I've never seen one that allows you to edit, like click to edit a term that you've already entered. I didn't even notice that. That's a pretty cool option, because like what if you just misspelled a tag and you're like, "Oh no, but I already entered it," or whatever, like that's kind of cool. I've never seen it. So is it just me, or does an animated GIF on a module page sell a module way better than just regular images, right? Tim's giving me the thumbs up. Like any time I see an animated GIF, I'm like, "All right, we're doing it. We're putting it in there." You know, it could be like, you know, the most ridiculous thing, but like just gets me going. Going off on that tangent, I actually learned recently that you can make animated GIFs using Keynote on Macs pretty efficiently. So I can drop a tutorial about that in the show notes.

So along those same lines, another tool that you can use is a GIF. He actually has a tool that you can download. I had to make an animated GIF for something last week. And yeah, I was able to download it, I think from the App Store and install it. And it worked pretty well, captured what it was supposed to capture, and allowed me to kind of resize it a little bit too. So yeah, there you go. Not only is it a module of the week, but we're also giving you ways to make animated GIFs.

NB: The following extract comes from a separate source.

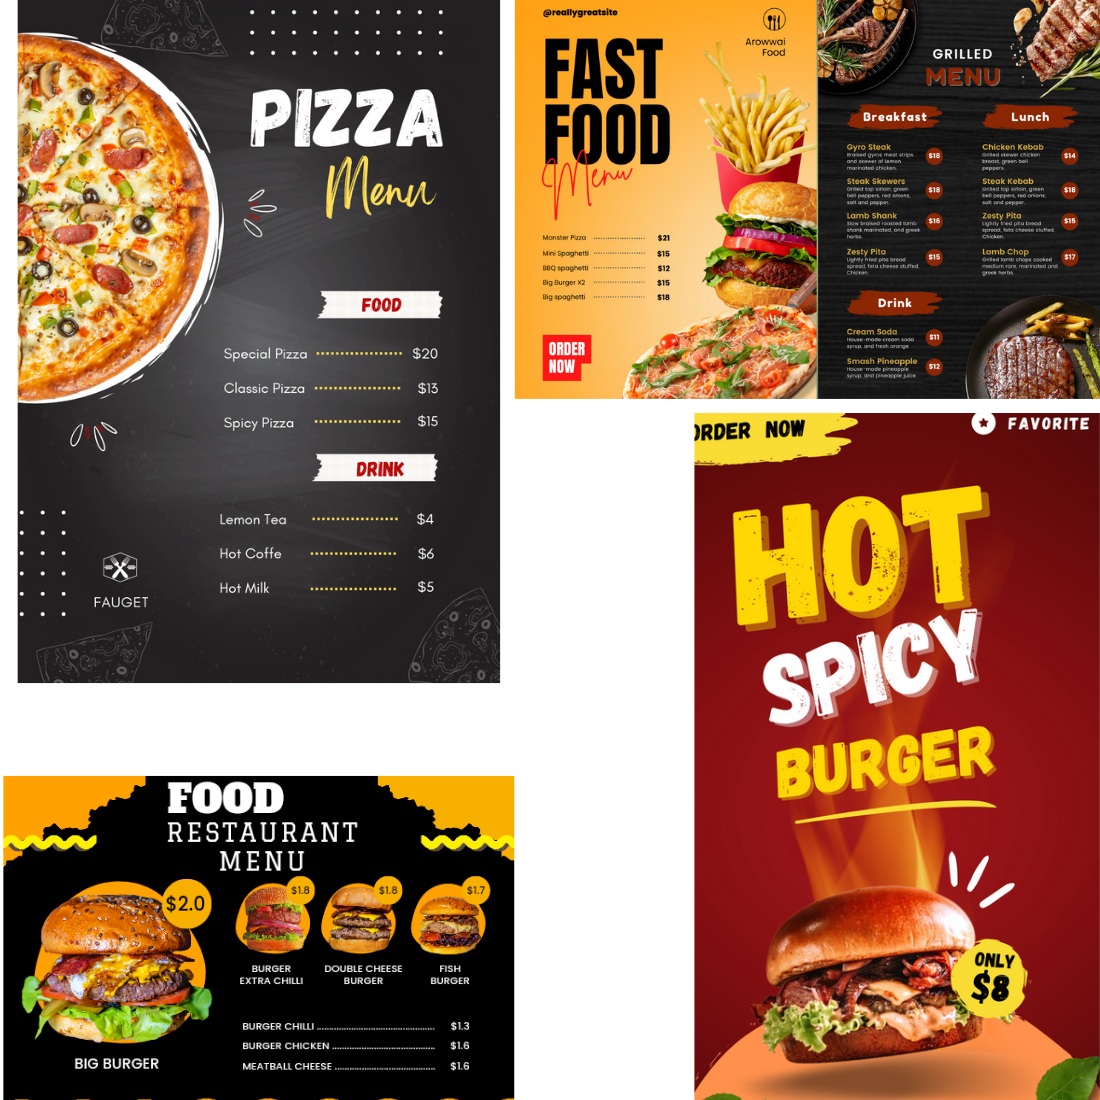 Food Digital Menu Template for Restaurants or Cafe Bar cover image.
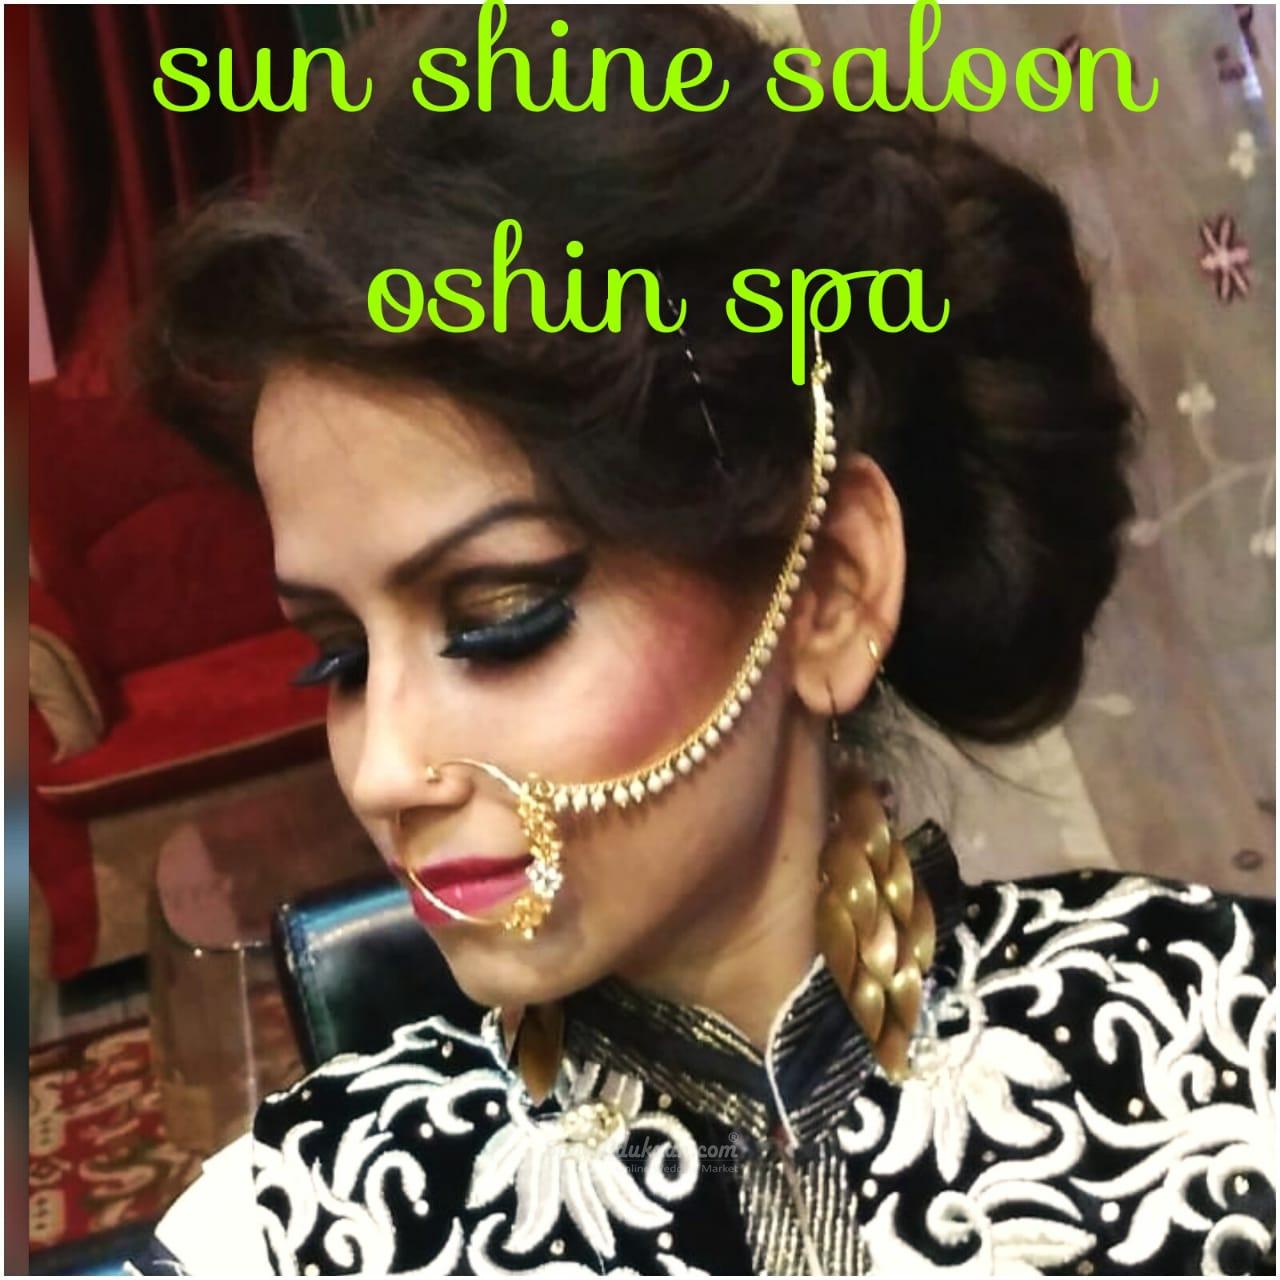 Sunshine salon and oshin spa

All righty. - I would be curious to know the accessibility of this form. It looks really cool, but I don't know.

It'd be interesting to know about that. - I will also add that I've been on projects where the customer really wanted to remove the numbers and brackets after like a standard entity reference field. And the fact that this does this, I think also adds to the user experience as well. - I feel like we could have a whole podcast about that one. Like that was the one thing that they were like, "Nope, simply cannot launch this site until those numbers are gone from that field."

I'd be interested to hear more about that at a later date. - All right. Well, Martin, as usual, thank you for bringing us a wonderful module of the week and we will talk to you again next week. - Thanks,Nic - See you then.

- All righty. Let's move on to our primary topic, which is talking about data lakes.

I'm gonna try not to make any of the dumb dad jokes about like, "It's summertime, let's go to the data lake." Oh, there I go. I just did it. All right, let's start with the easy, hopefully an easy question. What is a data lake? - I would say a data lake is a raw and flexible data store with schema on read capabilities.

- Oh boy. - A neat fun fact, something that I just looked up today is the history of it is that, I guess why it's called a data lake is because it came out whenever Apache Hadoop, I guess that's how you pronounce it, H-A-D-O-O-P, had the yellow elephant logo and it was something about the yellow elephant and the watering holes. I thought that that was interesting. I didn't know about that before this podcast.

But yeah, that's why it's called a data lake. - You said schema on reads, does that mean like only no SQL,

data lakes can only be no SQL type databases? - It's not a relational database. It's not a relational database. The way that we're using it though, we are defining schema as we're indexing content and we can get into that later when we're talking about how we're using it. So it's not that you can't put a schema on it when you're indexing, putting data into it. You can also do a schema on read, I don't know. I'm not really sure how that piece would work.

It's not part of what we've been working with. But it's interesting, an interesting feature of a data lake.

- So at its core, I guess it's a set of data, right? And a schema to basically get to that data or use that data, right? If we simplify it, right? - Yeah. - Cool. - Beyond the standard, like when I first started using Drupal, I remember being like, how am I supposed to figure this out? - I don't know. And that for whatever reason, it never dawned on me that I could look at the database

when I was a new developer. Because I'm a self-taught developer, right? So I was just figuring things out as I went. And I mean, the things that I did when I did migrations, you don't even wanna know how much I used Excel to import things.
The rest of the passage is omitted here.